El vaquero siempre salía del hostal los domingos a las diez de la mañana después de un desayuno que parecía almuerzo, y, luego de una hora, dejaba el lugar la chica de la semana vestida de manera normal sin el disfraz con el que había subido la noche anterior.

“Yo dejé pasar chicas disfrazadas de enfermera, escolar de tirantes, campesinas de la selva, novias emocionadas, cocineras apuradas, bailarinas de ballet, mineras sin miedo, niñeras, y tantas otras, ah, y también una gordita disfrazada de bombera. Fue la muerte”, dice.
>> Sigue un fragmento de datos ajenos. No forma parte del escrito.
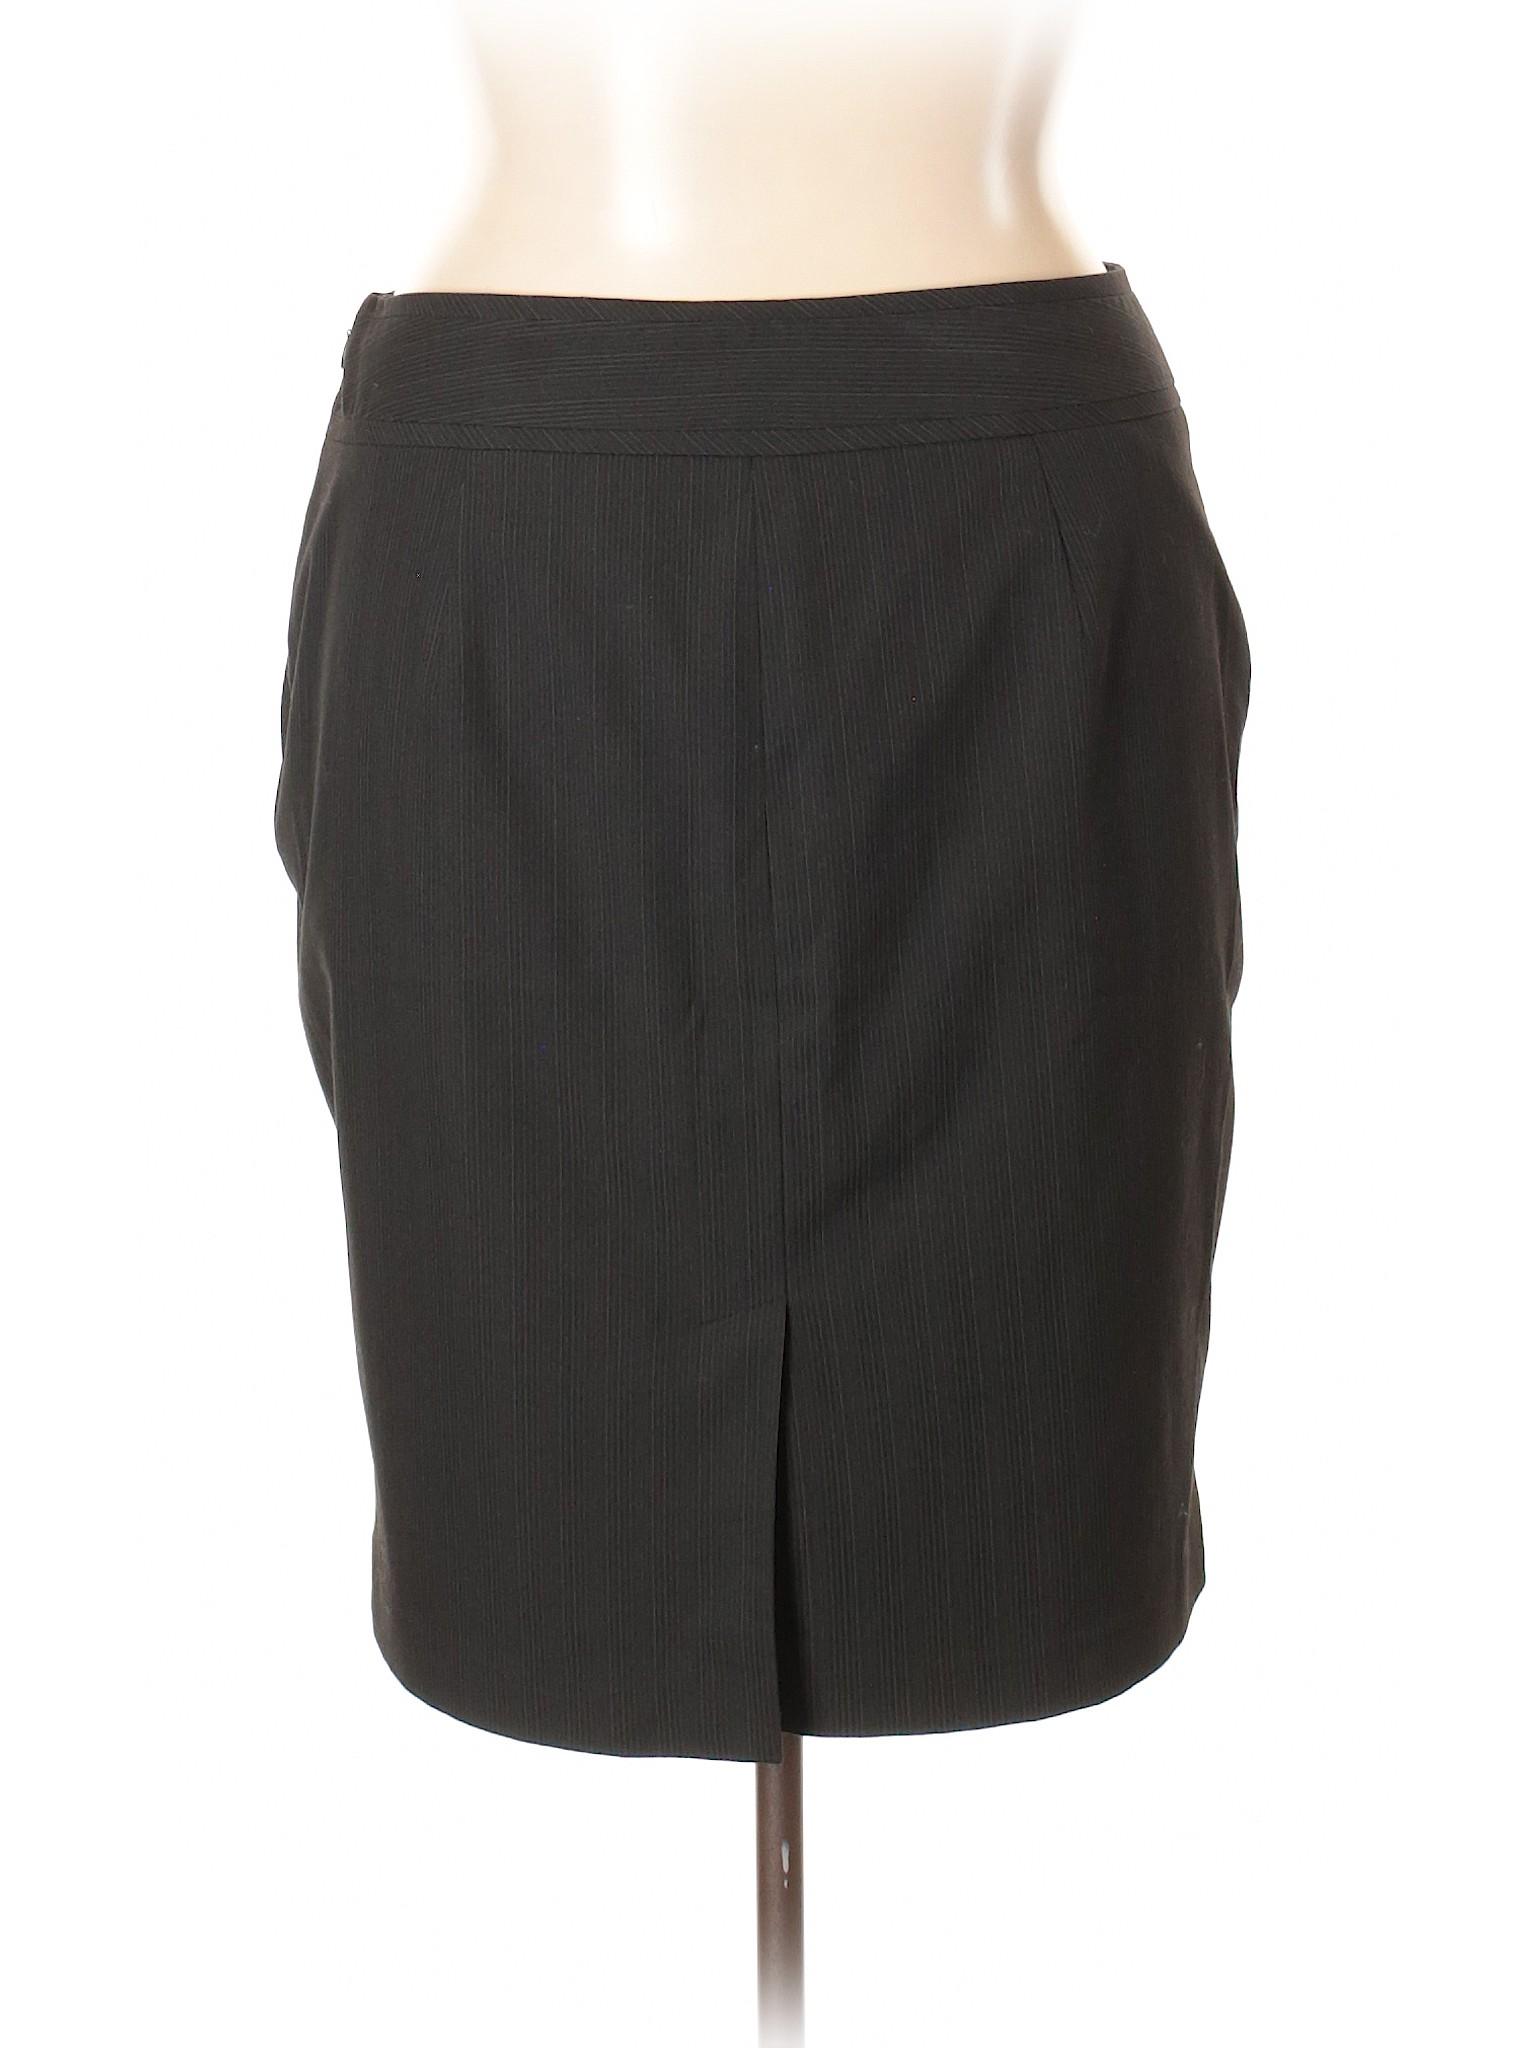 Skirt Casual Boutique Casual Skirt Casual Boutique Skirt Casual Boutique Boutique CHqazww

Aquella noche en que subió la bombera los trabajadores encargados del piso cuatro escucharon más bulla en el cuarto del vaquero que de costumbre, pero, como en los hostales siempre hay bulla, no le prestaron la debida atención.

“¿Qué pasó, Tony?”, le pregunto. Se ríe y no puede hablar. “La bombera que supuestamente era una de las mujeres de la calle que el vaquero contrataba para pasarla bien era en realidad su esposa que los sábados por la noche hacía sus cachuelos creyendo que en ese momento su esposo, sacrificado por la familia, trabajaba duro para que no faltara nada en la casa”, dice.

La bombera había usado la manguera como látigo para golpear al vaquero gordo y el vaquero se había defendido con puño limpio como en los tiempos del lejano oeste. Seguramente fue una lucha dura de amor, rabia y engaño porque, al día siguiente, Tony tuvo que llamar a una ambulancia para sacar a la pareja del cuarto.